The Arizona Cardinals are a professional American football team based in the Phoenix metropolitan area. The Cardinals compete in the National Football League (NFL) as a member of the National Football Conference West Division. The team was established in Chicago in 1898 as the Morgan Athletic Club and is the oldest continuously run professional football franchise. They joined the NFL as a charter member on September 17, 1920, as the Chicago Cardinals. In 1960, the team moved to St. Louis, Missouri, where it became the St. Louis Cardinals. Before the 1988 season, the team moved to Tempe, Arizona, and played home games for the next 18 seasons at Sun Devil Stadium on the campus of Arizona State University. In 1994, after being known as the Phoenix Cardinals from 1988 to 1993, they became the Arizona Cardinals. In 2006, the team moved their home games to State Farm Stadium (then known as University of Phoenix Stadium), where they have played their home games since. The team was purchased by Charles Bidwill in 1932 and has been owned by a member of the Bidwill family since, with Charles' grandson Michael Bidwill being the current owner.

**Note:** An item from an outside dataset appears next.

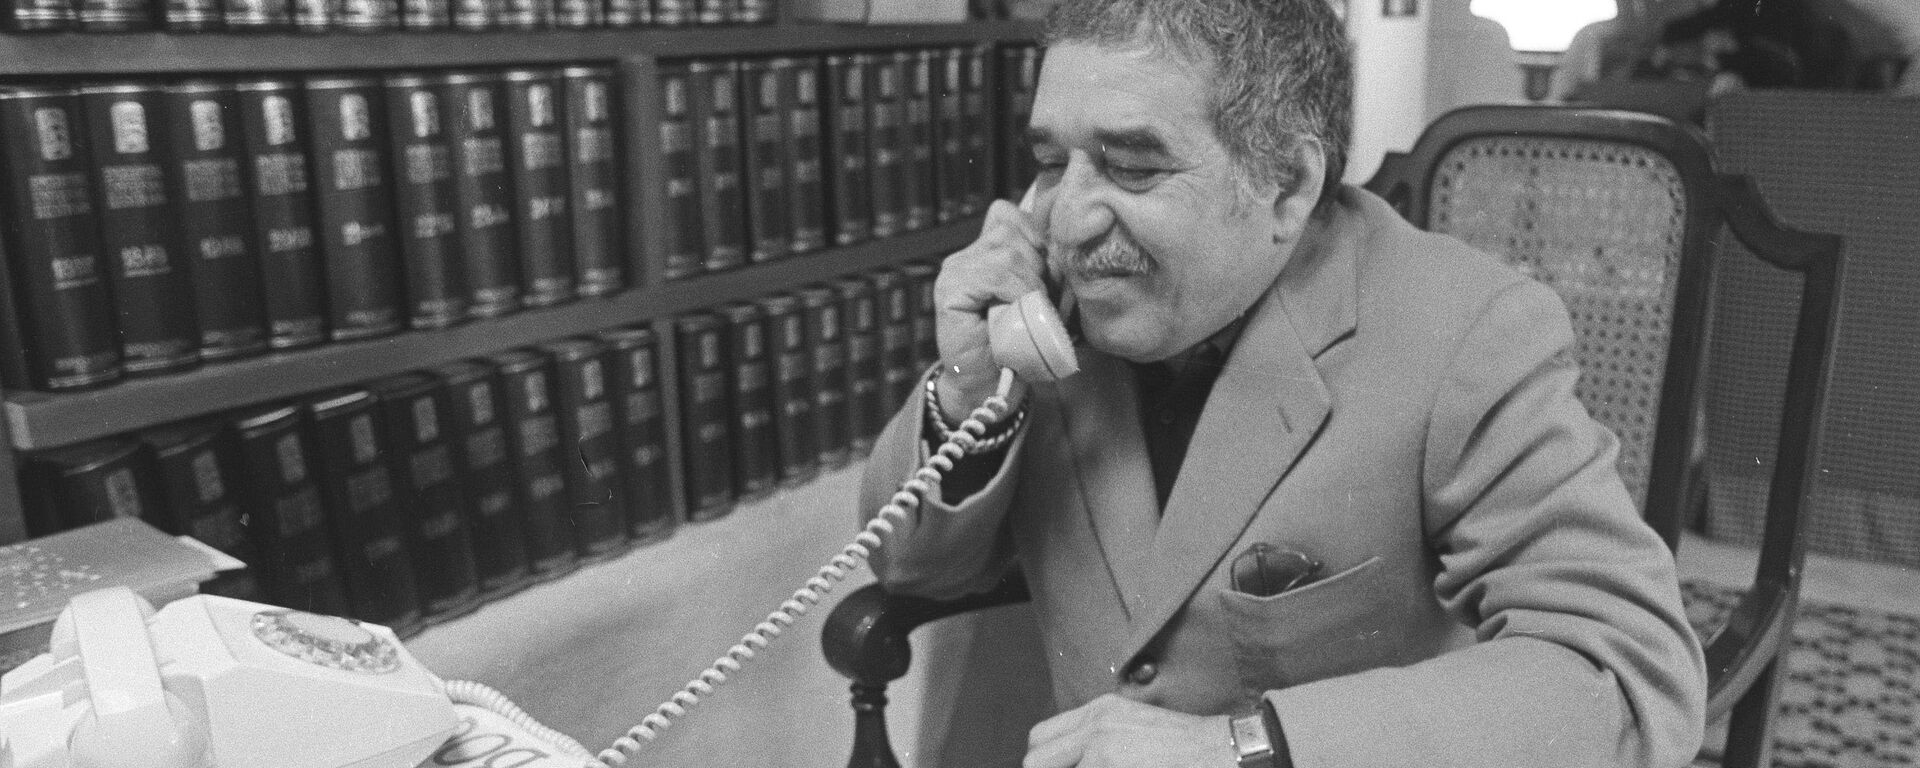 Gabriel García Márquez, escritor colombiano - Sputnik Mundo, 1920, 06.03.2020

The NFL draft, officially known as the "NFL Annual Player Selection Meeting", is an annual event which serves as the league's most common source of player recruitment. The draft order is determined based on the previous season's standings; the teams with the worst win–loss records receive the earliest picks. Teams that qualified for the NFL playoffs select after non-qualifiers, and their order depends on how far they advanced, using their regular season record as a tie-breaker. The final two selections in the first round are reserved for the Super Bowl runner-up and champion. Draft picks are tradable and players or other picks can be acquired with them.

In 1936, the league introduced the NFL draft after team owners voted on it in 1935. The intention of the draft is to make the NFL more competitive, as some teams had an advantage in signing players. From through , the NFL designated the first overall selection as a "bonus" or "lottery pick". The pick was awarded by a random draw and the winner who received the "bonus pick" forfeited its selection in the final round of the draft and became ineligible for future draws. The system was abolished prior to the 1959 NFL draft, as all twelve teams in the league at the time had received a bonus choice.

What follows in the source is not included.